Тайная связь (страница 42)

Страница 42

– Ты меня совсем не знаешь, Кам. Ты очарован не той, которую нарисовал себе в голове, – качаю головой. – Тебе нужна другая.

– Не говори за меня, Ясмин…

Камаль уходит, закрыв за собой дверь. Я быстро запираюсь изнутри, кладу ключ на стеклянный столик и нахожу первую попавшуюся спальню. Рухнув на большую кровать, я поджимаю колени и позволяю себе вот так вот просто, как никогда не делала – расплакаться.

Всегда слезы были из поводов: уход мамы, например. Или из-за усталости, когда мне нужно было тянуть на себе троих мужчин: отца и братьев. Я так уставала быть им и дочерью, и сестрой, и мамой, но слез без поводов – нет, никогда не было.

Выплакавшись, я поднимаюсь с кровати.

Телефон разрывается от звонков, пока я блуждаю по пустой хорошенькой квартире. Софии бы здесь понравилось: несмотря на скандинавский холодный стиль, здесь было уютно. Все для девочки, так сказать. Насколько я знаю, квартиру для своей сестры выбирал Эльман…

Что ж, у него есть вкус.

И, как оказалось, были ключи.

Около десяти вечера в дверном замке послышался скрежет. Спустя два поворота в квартире послышались стремительные тяжелые шаги, и я почувствовала: эту ночь я не забуду никогда.

– Ясмин!

Он выкрикивает мое имя в безуспешных поисках меня.

Я мелко дрожу.

И уже на подсознании понимаю: Эльман на грани. Злой как черт, он направлялся прямо ко мне. Его шаги приближались, а вместе с тем – мое сердце билось сильно-сильно.

Бах-бах, бах-бах…

Я была в спальне. Свернувшись калачиком, я мечтала только об этом: чтобы меня не трогали. Но Эльману, впрочем, на мои желания было все равно.

– Ясмин… Какого черта, Ясмин?..

Он тяжело дышал.

Эльман, открыв рот, почти задыхался. Ему было плохо. Так плохо, как бывает только на грани жизни и смерти.

Он оказывается рядом в считанные секунды, хватает мое тело и вынуждает открыть глаза.

– Посмотри на меня, посмотри. Я искал тебя… Везде… Блядь…

Я молчу, а он целует мои мокрые щеки и губы.

Покрывает поцелуем каждый сантиметр моего лица.

И его не волнует, что за нашими спинами – стоят его люди и ждут приказа. Я осознаю, что они искали меня. Все без исключения. Кто-то рыскал в университете, кто-то в той кофейне, в которой мы часто заседали с Майей между занятиями. Они наверняка подключили к поискам Майю с Демидом, потому что в телефоне были пропущенные от подруги.

Эльман и подумать не мог, что я могу быть в квартире Софии. Он забрал у меня ключи, поменял замок и подумать не мог, что я здесь. А я же, непослушная девочка, их украла и воспользовалась.

– Ясмин… Моя девочка…

– Уходи, – говорю ему тихо, с надрывом.

Он не уходит. Напротив, прижимает меня крепче и силой запрокидывает меня с кровати себе на плечо – как пушинку, которая ничего не весит.

– Уходи! Не трогай меня!

Я бью его по спине.

Изо всех сил.

Он же – сжимает меня крепче. Почти до хруста. Уже до боли.

– Отпусти меня, Эльман Шах!

– Не могу, Ясмин. Просто не могу.

Я повисаю на его плече тряпичной куклой.

Внутри что-то надорвалось.

Не может.

Он может применять силу, но не может отпустить. Кажется, что-то подобное рассказывали о его отце, но я ведь считала Эльмана другим. И в такой исход событий я, разумеется, не верила.
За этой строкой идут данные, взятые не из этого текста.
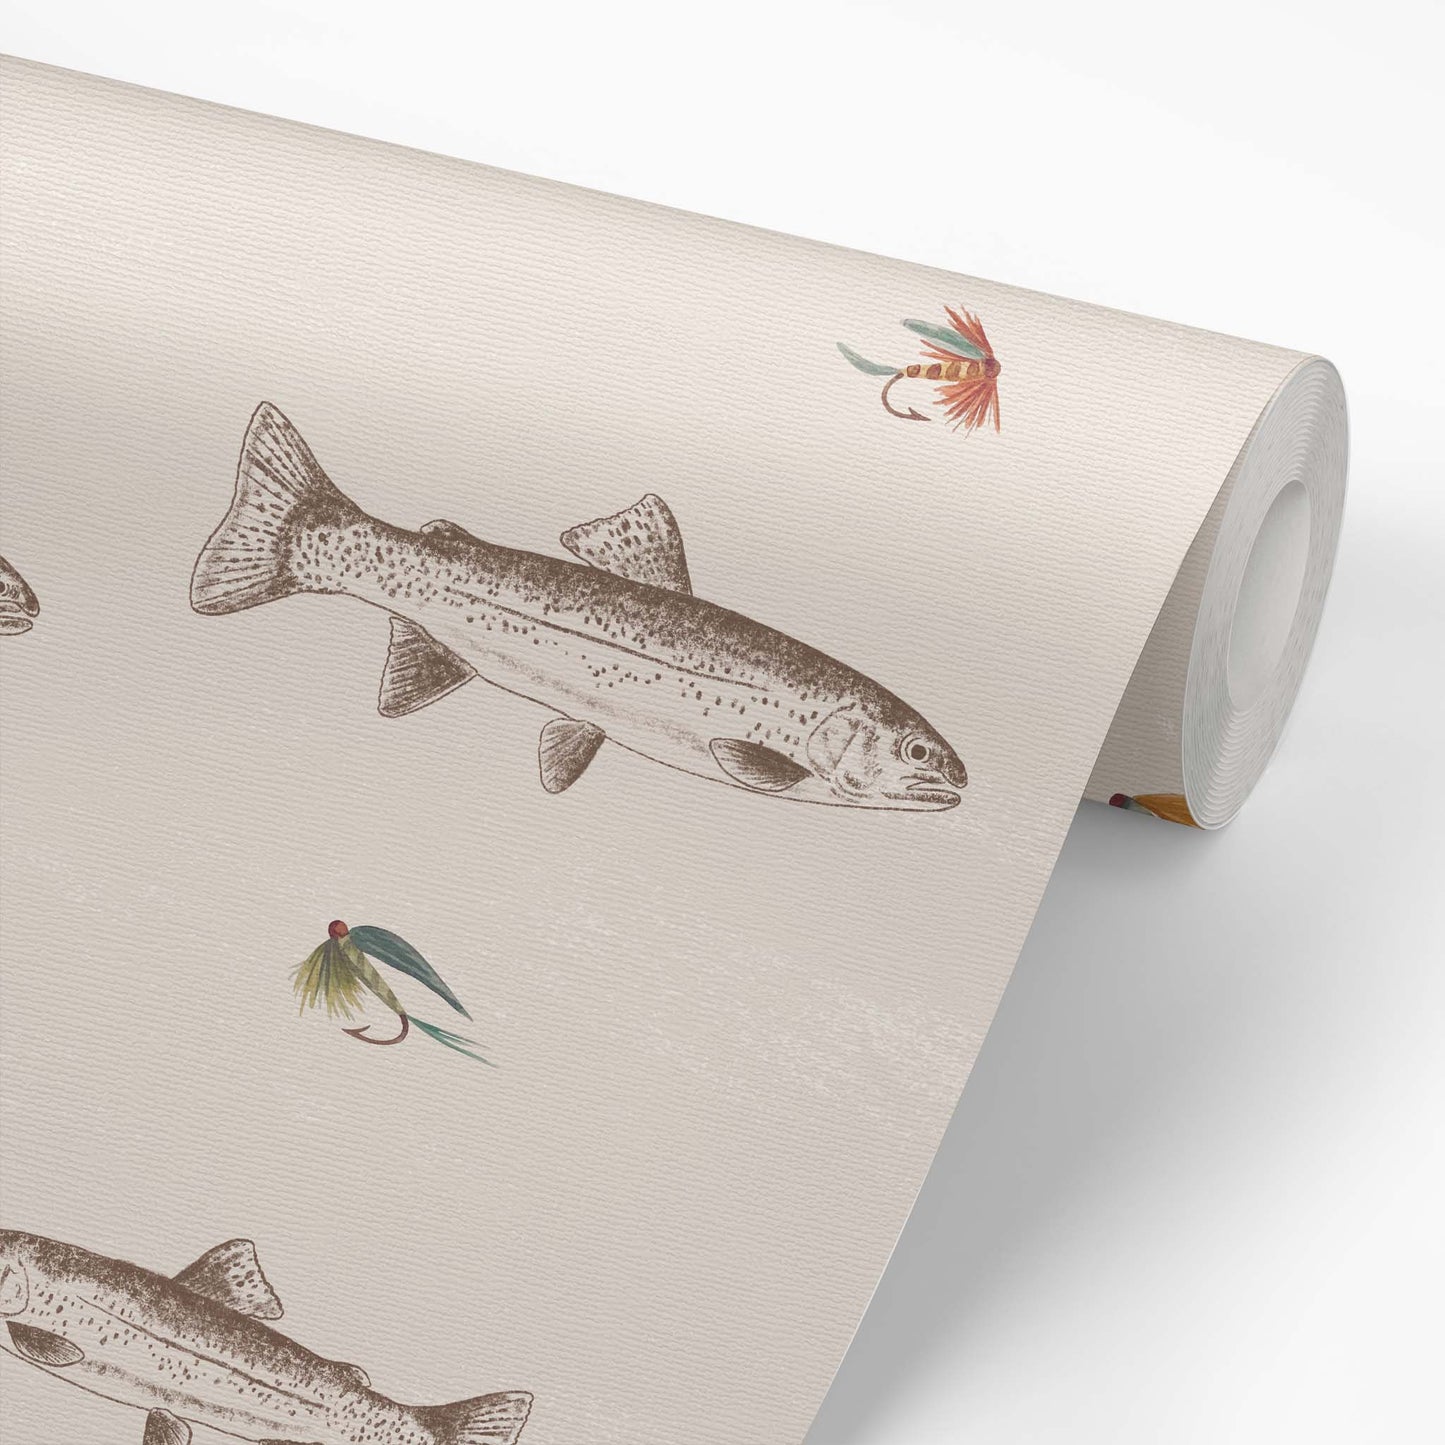 This wallpaper roll shows our Fly Fishing Wallpaper in Brown. This peel and stick, removable wallpaper was designed by artist Mariah Cottrell and features trout and flies for a calm river scene.

– Я виделась с Камалем. Он меня проводил.

Эльман почти вынес меня из квартиры, но мы резко останавливаемся.

Эльман напрягается.

Очень сильно.

И в ту же секунду ставит меня на ноги, грубо прислоняя к стене. Вошедший Антон, начальник безопасности, подтверждает:

– Я проверил камеры. Госпожа Романо приехала с ним. Он находился в квартире не более двух минут.

Доложив Эльману то, о чем я могла сказать сама, Антон уходит. Артур, забрав мою сумку и босоножки, покидает квартиру вместе с остальными.

Мы остаемся одни по приказу Эльмана Шаха.

– Ты охренела, Ясмин?

– Он просто проводил меня, – пожимаю плечами. – Эльман, он подозревает о нас.

– С чего ты взяла?

– Он называл новые фамилии. Он хочет проверить меня. Он подозревает, Эльман. Мы в дерьме, – произношу с тихим ужасом.

– Какие фамилии?

Я с силой бью Эльмана в грудь, но ему хоть бы что – он все также смотрит на меня зверем и до боли прижимает к стене, сходя с ума лишь от мысли, что я была с Камалем.

– Ты меня слышишь или нет?! Он проверяет меня! Он догадывается! Какого черта ты убил Авдеева? Мы попали в ловушку, Эльман!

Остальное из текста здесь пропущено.